Title needs some work. I would suggest:
TIL about Benfords law: In many real life data-sets the leading number is ‘1’ 30% of the time.
Also you could’ve included the wiki link in the post, so people could read up on what you just wrote:
but… why?
This is used to catch tax fraud. People who forge reciepts tend to use random numbers, so they stand out as outliers, and they get caught that way.
This is a bit weird. I was just listening to Infinity 2 today (great book. Totally recommend), and there’s a section where the characters use Benford’s Law to prove reality. I then had to look it up myself.
Just a super weird coincidence…unless Lemmy is listening to me…
Digits, not numbers.
What the heck is real life number
An actual measured data point, as opposed to a randomly generated number. Also this principle applies specifically to the first digit. Overall the title is a complete mess.

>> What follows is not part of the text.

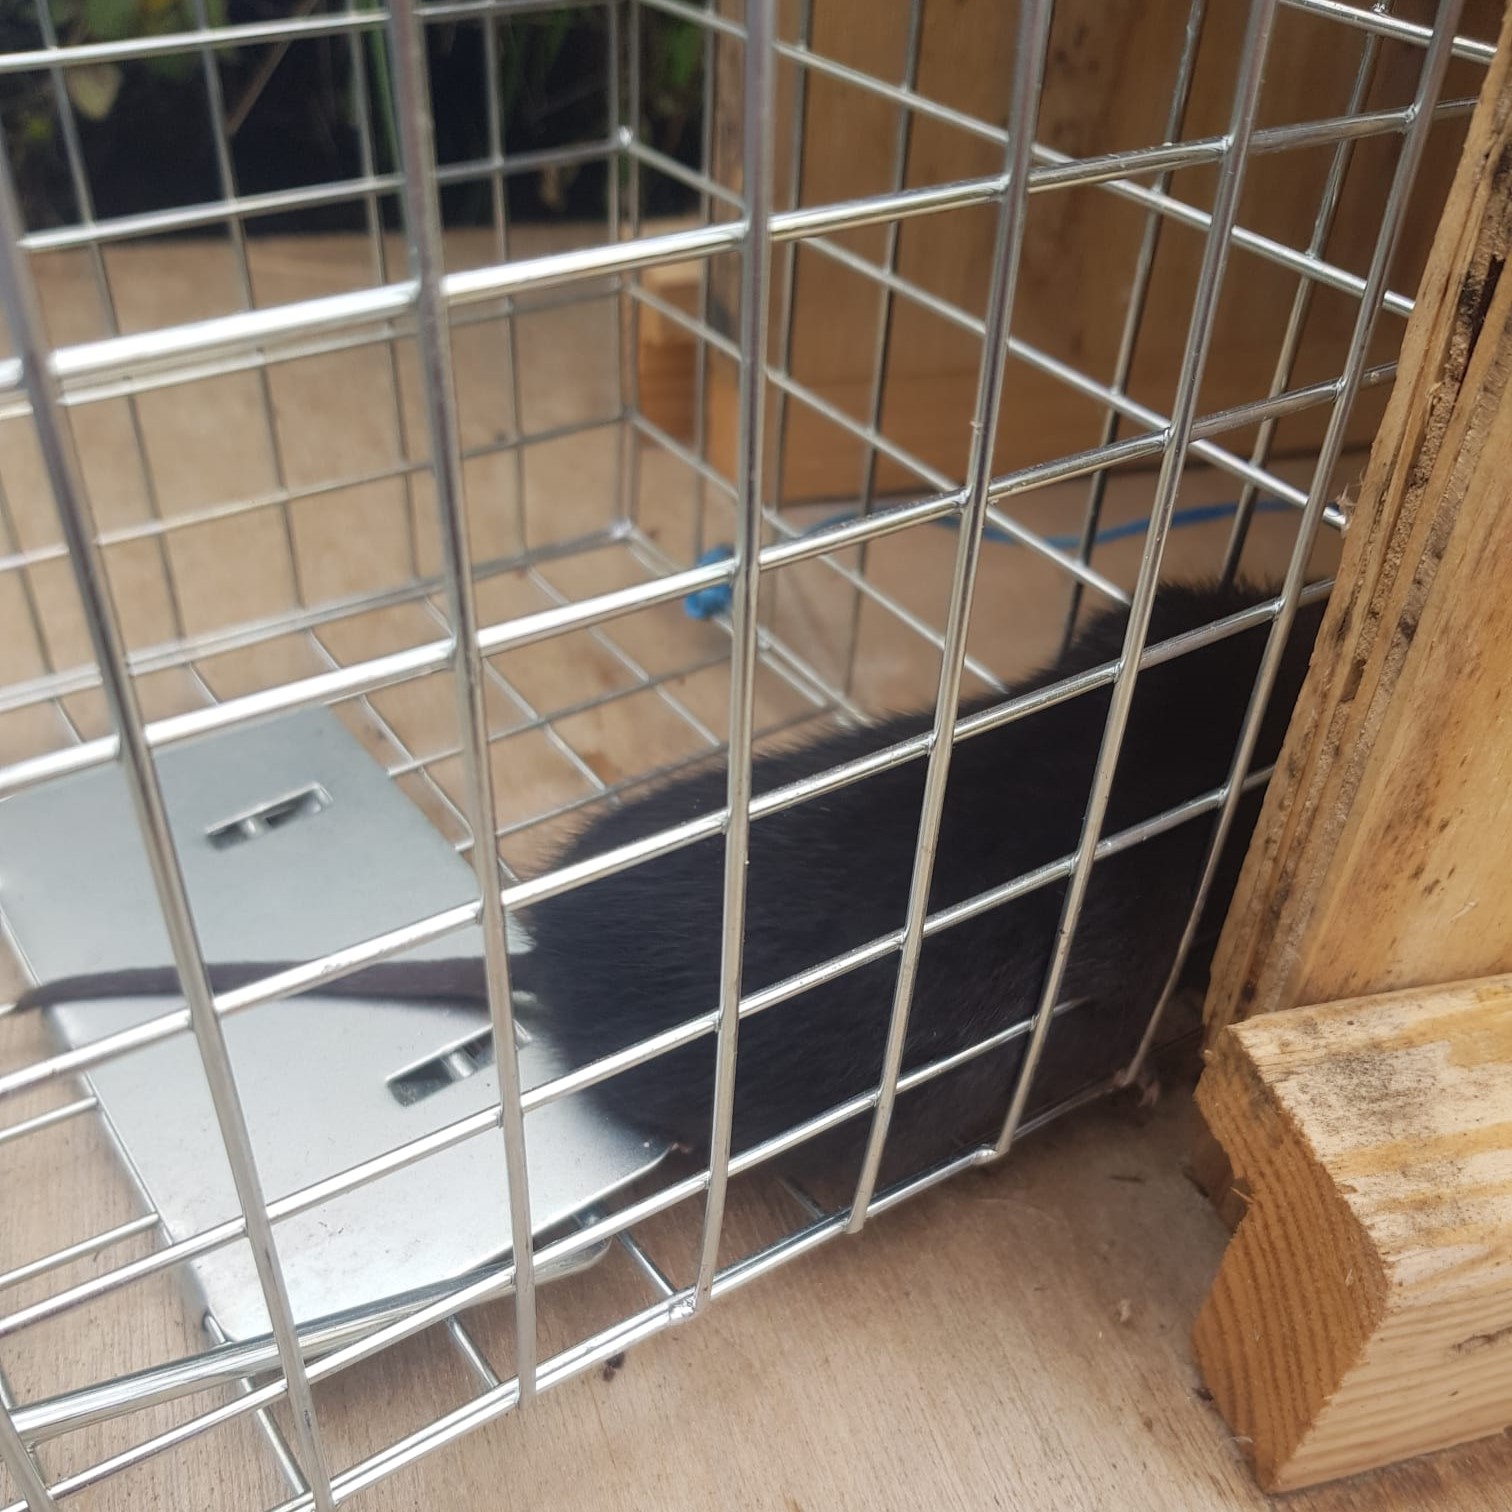 Water vole in mink trap on Spey

Basically, when you gather a bunch of data points about real world quantitative phenomena (e.g. town population, lake surface area, etc), you find this distribution curve of leading digits where 1 is something like 30% most frequent, gradually decreasing down to 9 being least frequent.
This is called Benford’s Law, it’s basically an emergent property about how orders of magnitude work. It’s useful because you can use it to detect fake data, since if your data faker doesn’t know about it they’ll generate fake data that looks random but doesn’t follow this distribution.